Parenthood is a wild ride – the needs and demands of your kids change through time. A teenager’s needs can be more emotionally demanding versus the physical demands of an infant. So clearly the way you organize and run a field project needs to evolve through time. Now that my kids are teenagers, I prefer to do fieldwork while they are in school, keeping them in their normal rhythm, and be home for their summer breaks that are filled with a combination of camps, summer jobs, and more unstructured family time. I use that time for writing research reports, articles, and proposals.

Parenthood in Academia

Other arenas of ‘academic defiance’ were forged by colleagues at different institutions. As a scientist and mother, first at the University of Oregon, then at Penn State, and now UC Santa Barbara, I benefitted from department norms that were already very family friendly. In each of these departments, several (most) faculty had kids, including senior female faculty. I took it for granted that faculty meetings and colloquia were held during regular K-12 school hours, that kids were welcome in the department on all those innumerable (and seemingly always surprising and random!) ‘in service’ days or, in the case of Penn State, snow days when the schools would close but campus remained open. My partner and I both lectured on occasion with an infant in a front pack, and I have wonderful memories of my elementary-school aged son helping distribute materials and handouts in classes on snow days. Kids were and are welcome at department events. When we started hosting those events ourselves, I tried to make sure that there were toys or crafts available for the kids.

Is all of this radical?  

Yes, I suppose it is and I know from others that this is not the norm throughout the country.

Is it new?  

No. While I would like to think of myself as rebellious, I was privileged to be in departments where women and men had previously pushed for improved, more family-friendly conditions.

Is it enough?

Most certainly not.
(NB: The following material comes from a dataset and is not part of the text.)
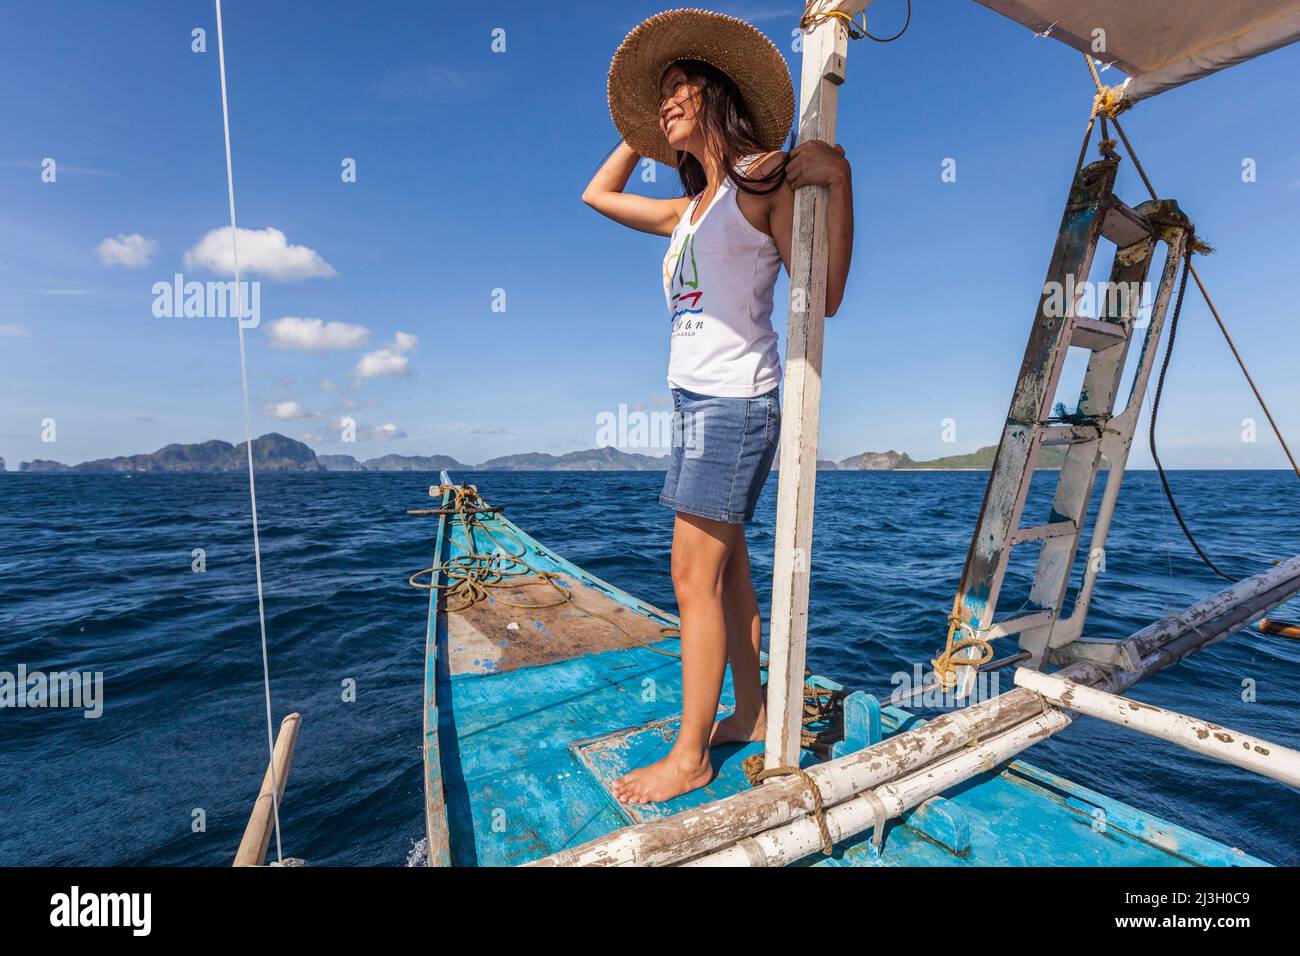 Philippinen, Palawan, El Nido, Bacuit-Archipel, junge philippinische Frau, die auf dem Bug eines Auslegerkanus auf dem Weg zur Miniloc-Insel steht Stockfoto

While we have many opportunities in academia to define our work environments, there are clearly larger structural issues that need to be addressed. Family leave policies are still woefully inadequate in many institutions; availability of high quality and affordable childcare is practically non-existent; providing safe and fun afterschool spaces to help families and kids foster healthy relationships is largely lacking; and the list goes on.

Much work still needs to be done on this and other fronts and we need all the rebellious, defiant, and radical feminists in academia we can get to move the needle for the next generation of scientists.